Les chercheurs ont utilisé des particules recouvertes de dioxyde de silicium comme vecteurs de leur complexe moléculaire. Les principales cibles des biostructures décrites dans l'article sont les cellules cancéreuses, identifiables par l'oncomarqueur HER2/neu à leur surface, montré comme une excroissance rouge dans la figure 2. HER2/neu est une protéine responsable de la croissance et de la division cellulaire et présente dans les cellules saines. Dans les cellules cancéreuses, cependant, cette protéine est en excès - ou surexprimée - leur permettant de croître et de se diviser de manière incontrôlable.

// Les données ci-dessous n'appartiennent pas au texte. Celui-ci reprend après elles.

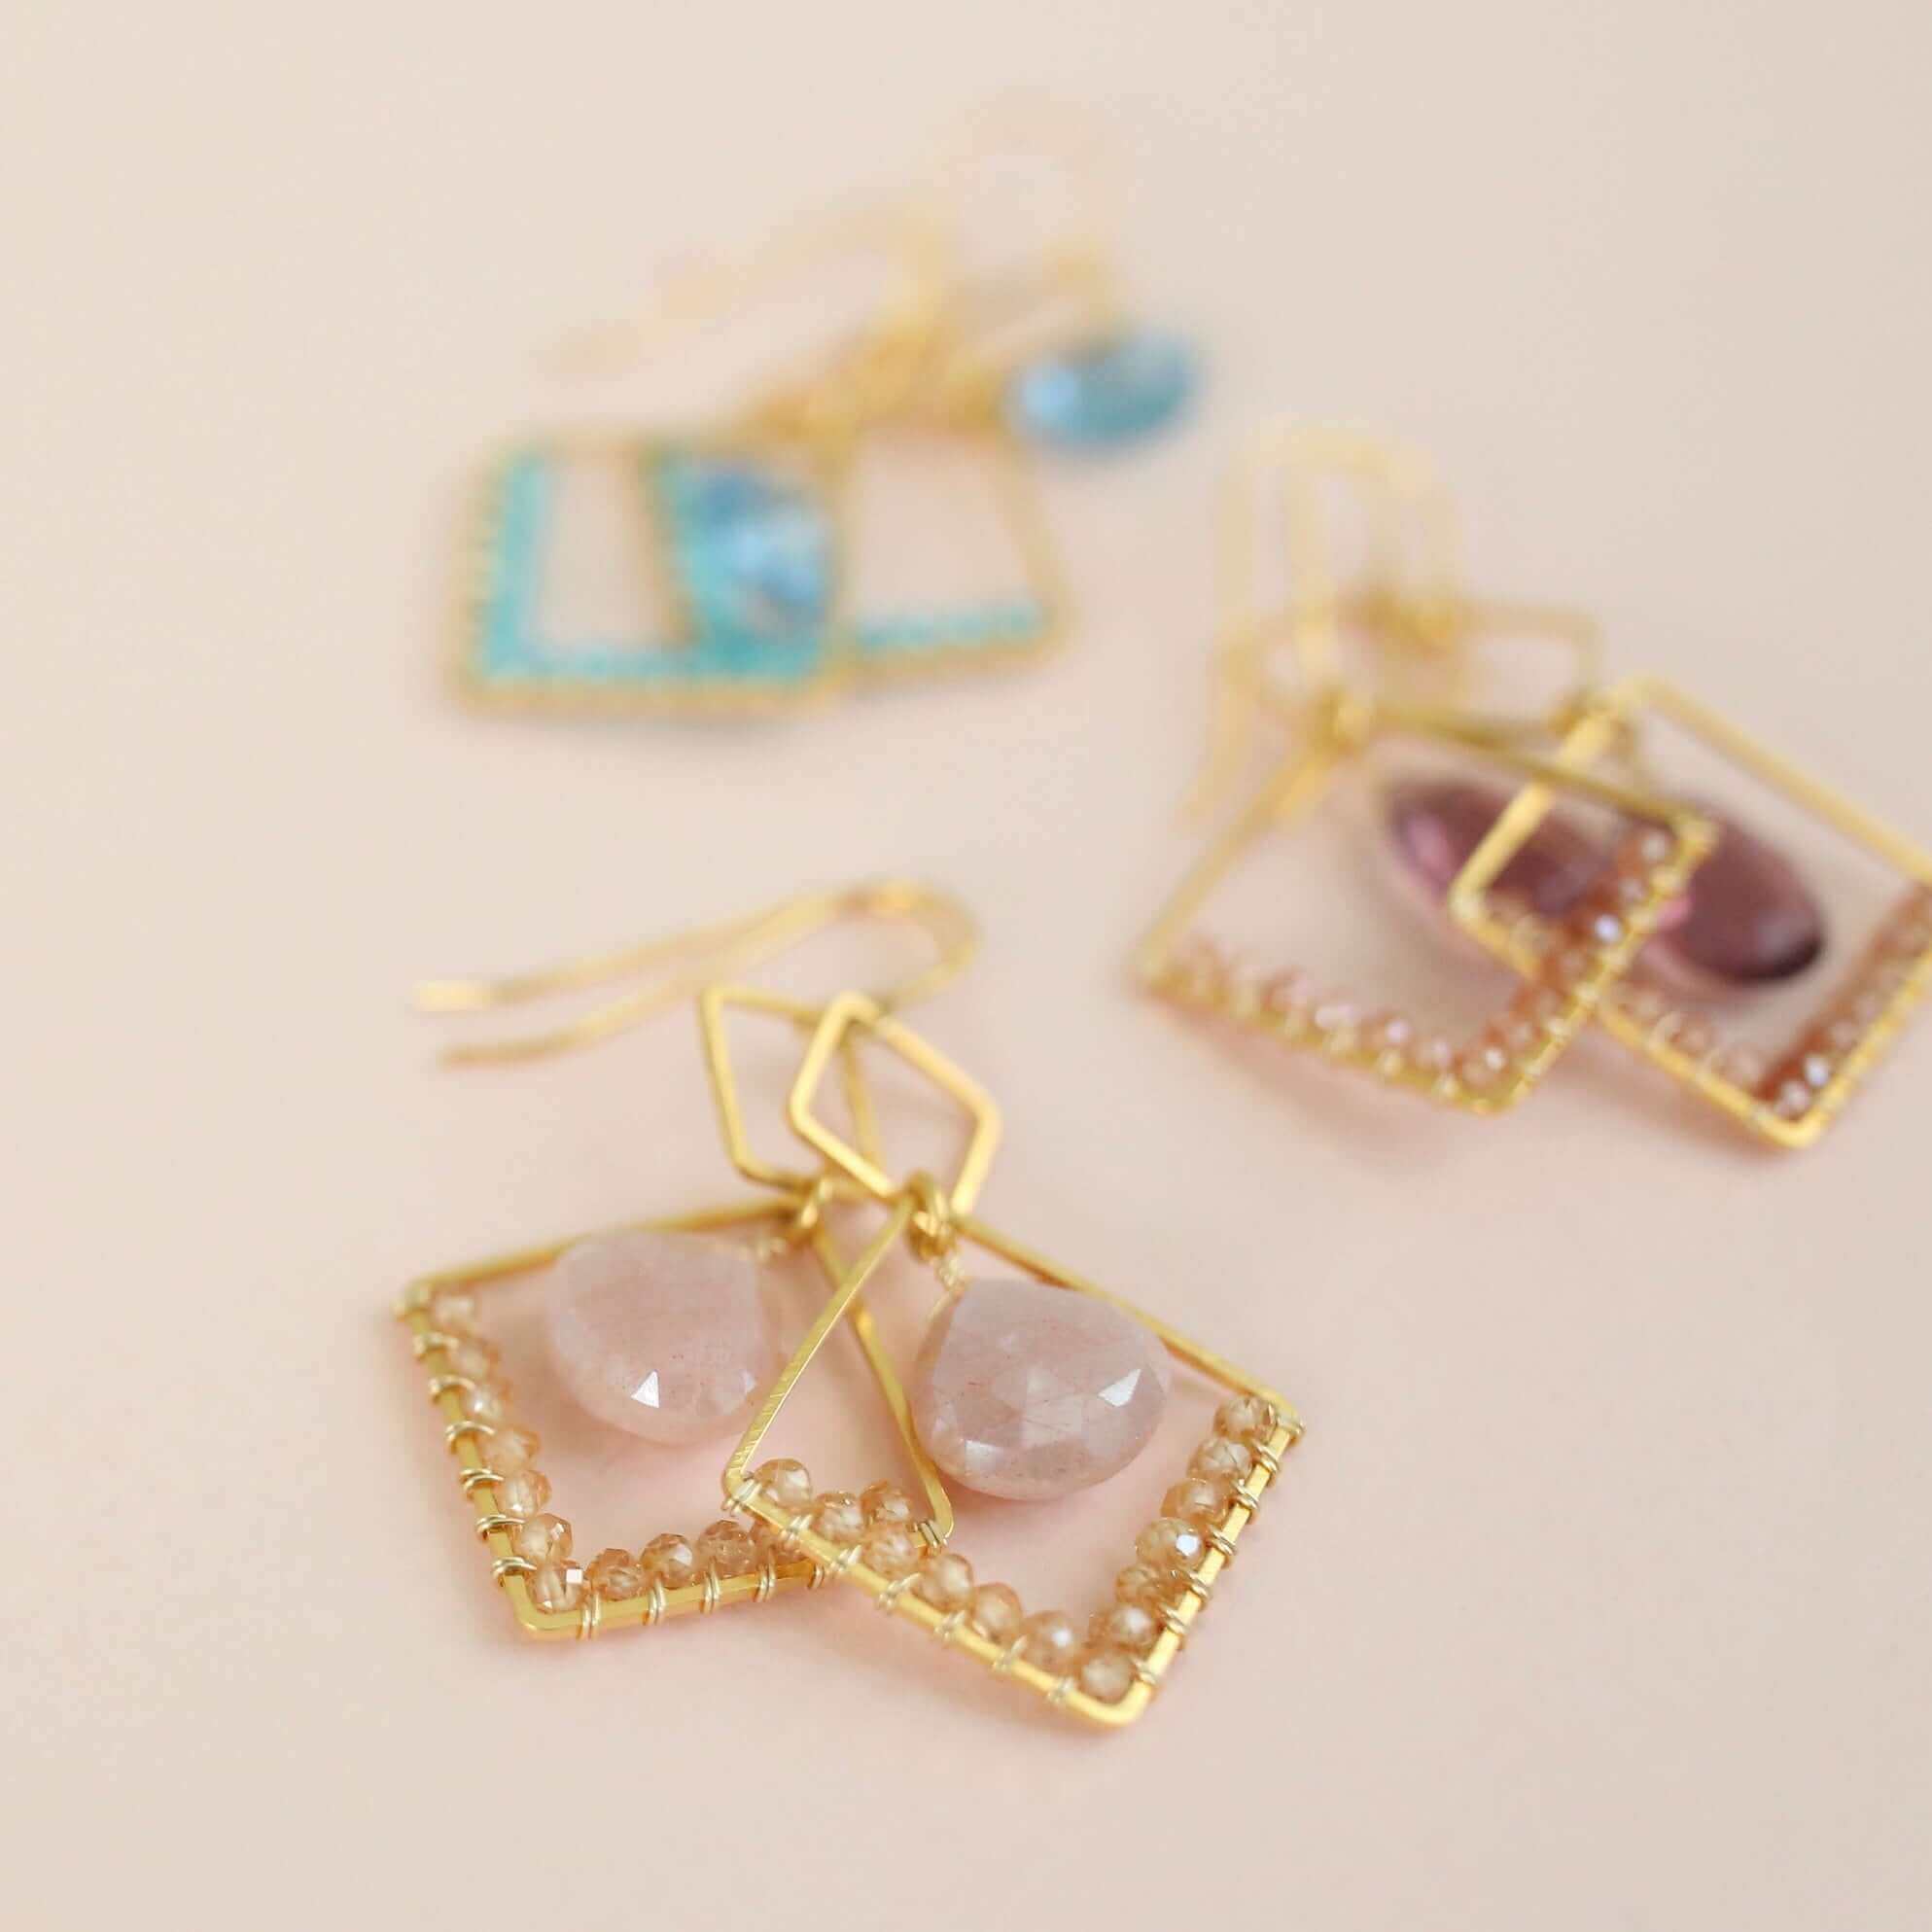 Gold geometric earrings with rhodolite garnet and champagne quartz gemstones

Les chercheurs ont utilisé une molécule de la classe des protéines à répétition ankyrine conçues, ou DARPins, comme agent de ciblage reconnaissant la protéine HER2/neu. Montré comme des structures en forme de campanule bleu clair dans les figures 1 et 2, Les DARPins sont de petites protéines hautement stables capables de se lier sélectivement à la molécule cible. Outre une molécule DARPin, qui reconnaît les cellules cancéreuses, la structure doit incorporer une molécule capable de se lier à la surface de la particule porteuse, c'est-à-dire au dioxyde de silicium. Pour ça, les chercheurs ont utilisé un peptide de liaison au dioxyde de silicium obtenu par conception rationnelle à l'Université Macquarie. Par conséquent, ils ont créé la structure suivante :une nano- ou microparticule est recouverte de dioxyde de silicium, auquel le module barnase-DARPin est attaché via le peptide de liaison au dioxyde de silicium fusionné avec barstar (figure 1). Surtout, chacun des éléments impliqués peut être modifié voire remplacé, modifier les propriétés de la structure globale. Dans un sens, il est similaire à un kit moléculaire de blocs de construction, qui peut être assemblé de plusieurs manières, produire différents agents thérapeutiques.
En effet, les chercheurs ont créé une méthode d'assemblage universelle, qui permet de combiner facilement de nombreuses molécules à potentiel thérapeutique et diagnostique, tout en préservant leur structure spatiale et leurs propriétés.